The parameters used as input in the characterisation of our proteins are the protein sequences that are exposed in the Parts Page.
Amount of protein needed to coat our aerogel
Knowing the structure of our proteins was an essential aspect in the analysis of the quantity of proteins that would be needed to coat the aerogel. Some major assumptions were made on this part that we are going to expose later in the implementation.
In this part, the aerogel was first considered as a flat surface to use the surface of a cylinder as coating area, then the protein's structure and affinity to cellulose were used to geometrically coat the cylinder surface in placing the protein in an adjacent manner. The assumption here was that we considered the protein as elongated structures that attach perpendicular to the cellulose. In the model, the placement of the proteins was chosen to be ideal however the reality won’t be ideal in the placement of a monolayer of proteins. We considered a security factor to insure total coverage of the aerogels . We chose to confirm the model by looking for the affinity of the proteins toward cellulose and considered for this purpose a basic statistical approach.
We had different parameters that needed to be considered and we listed the most of them in (Table.1)
Parameters | Definition | Chosen value | Source |
---|---|---|---|
Aerogel properties | |||
Height (t) | Represents the height of the aerogel to be coated (Unit in mm) | 4.5 | Measured using Kayence VHX-7000 series microscope3. |
Diameter (d) | Represents the diameter of the aerogel to be coated (Unit in mm) | 30 | Measured using Kayence VHX-7000 series microscope3. |
Protein properties | |||
01a Extinction Coefficient (01a) | Represents the absorption constant associated to 01a protein sequence (unit in 1/M.1/cm) | 83810 | Taken using the sequence designed by the company who constructed our plasmids and using Expasy4. |
01a Extinction Coefficient (03a) | Represents the absorption constant associated to 03a protein sequence (unit in 1/M.1/cm) | 91010 | Taken using the sequence designed by the company who constructed our plasmids and using Expasy4. |
01a Molar Weight | Represents the Molar Weight of the protein 01a (Unit in g/mol) | 77798.84 | Similar to the extinction coefficient |
03a Molar Weight | Represents the Molar Weight of the protein 03a (Unit in g/mol) | 71498.66 | Similar to the extinction coefficient |
Security Factor (Q) | Factor that was defined to insure total coating of the aerogel surface | 2 | Taking into account the formation of one to two layers of proteins on the aerogel |
The parameters in (Table 2) were used into a jupyter notebook to get an adequate output. The jupyter notebook can be accessible by all iGEM teams after the competition to have time to document the code.
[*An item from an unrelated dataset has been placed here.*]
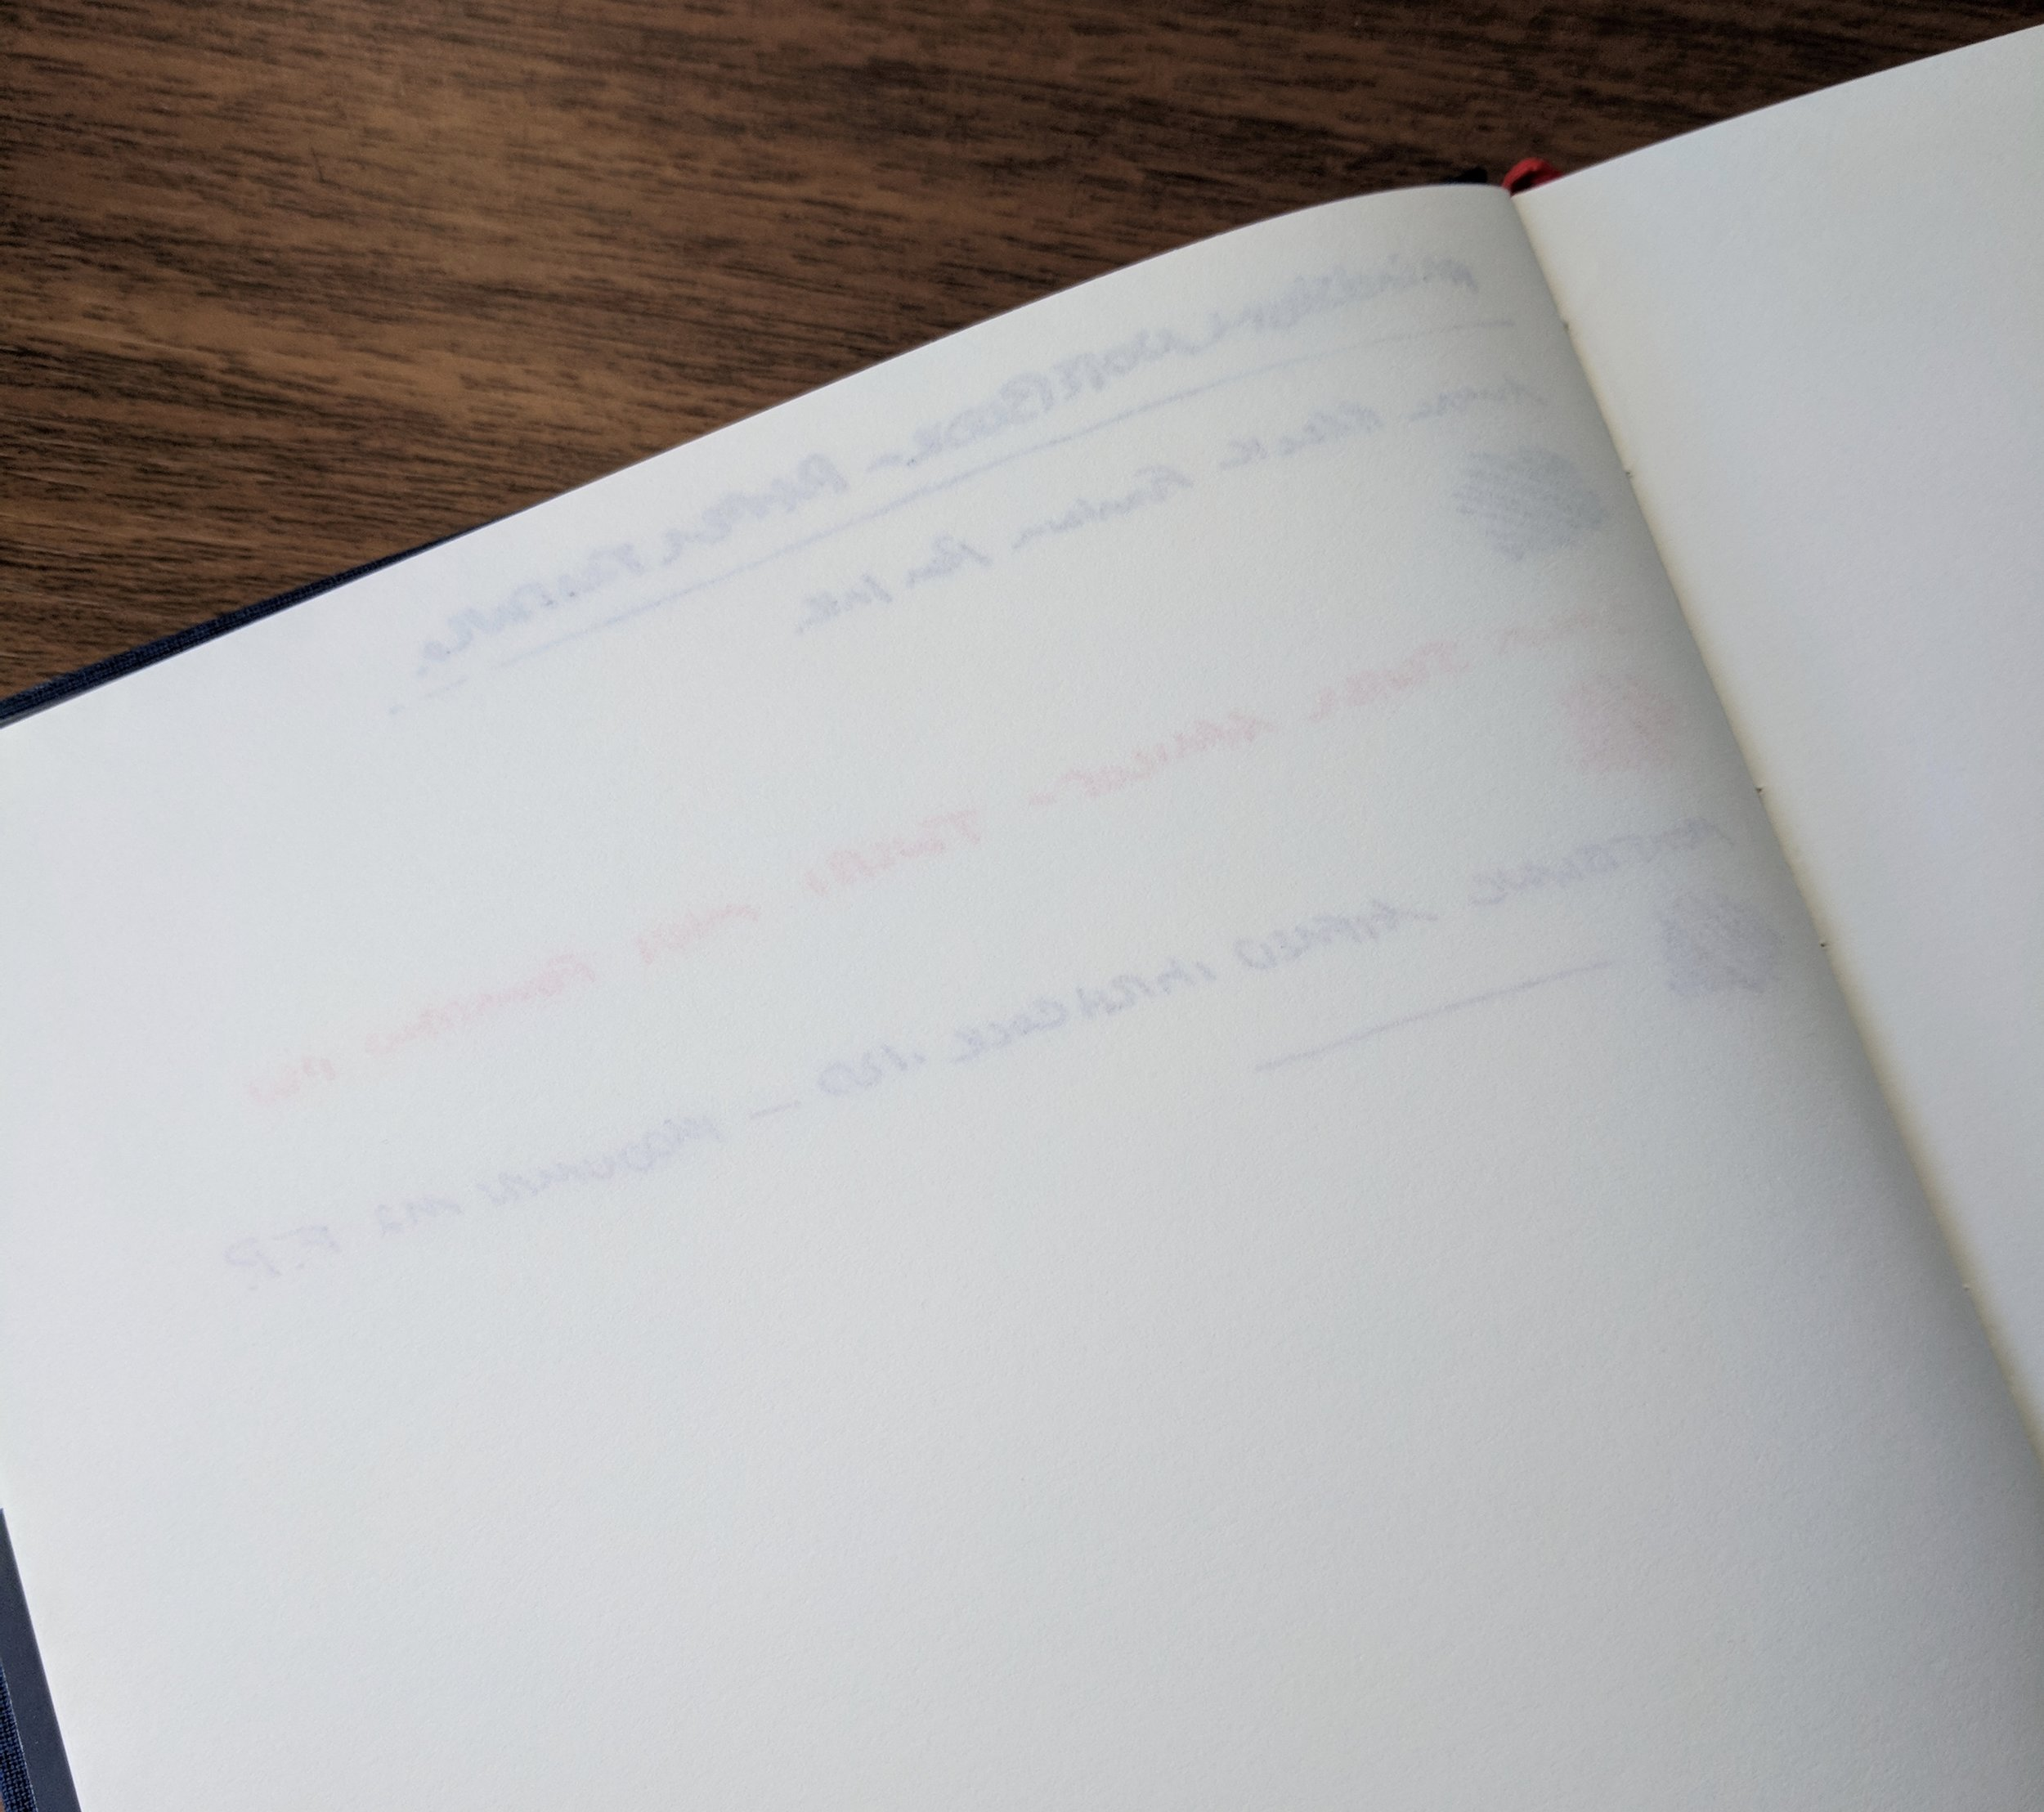 Mindstone Writing Sample - Reverse

Implementation and results
Protein characterization
In order to characterize the two recombinant proteins of interest 01a and 03b, we studied the known domains of our proteins to model them separately and assess their geometry. For an individual assessment, we looked into each unique domain of interest from snapgene and we used the EMBL-EBI’s Sequence Similarity Searching FASTA. This is a method comparing the uploaded sequence with sequence databases through fast local alignment searching.
Both recombinant proteins presented the same attachment domains:
Click here to discover more information about attachement domains !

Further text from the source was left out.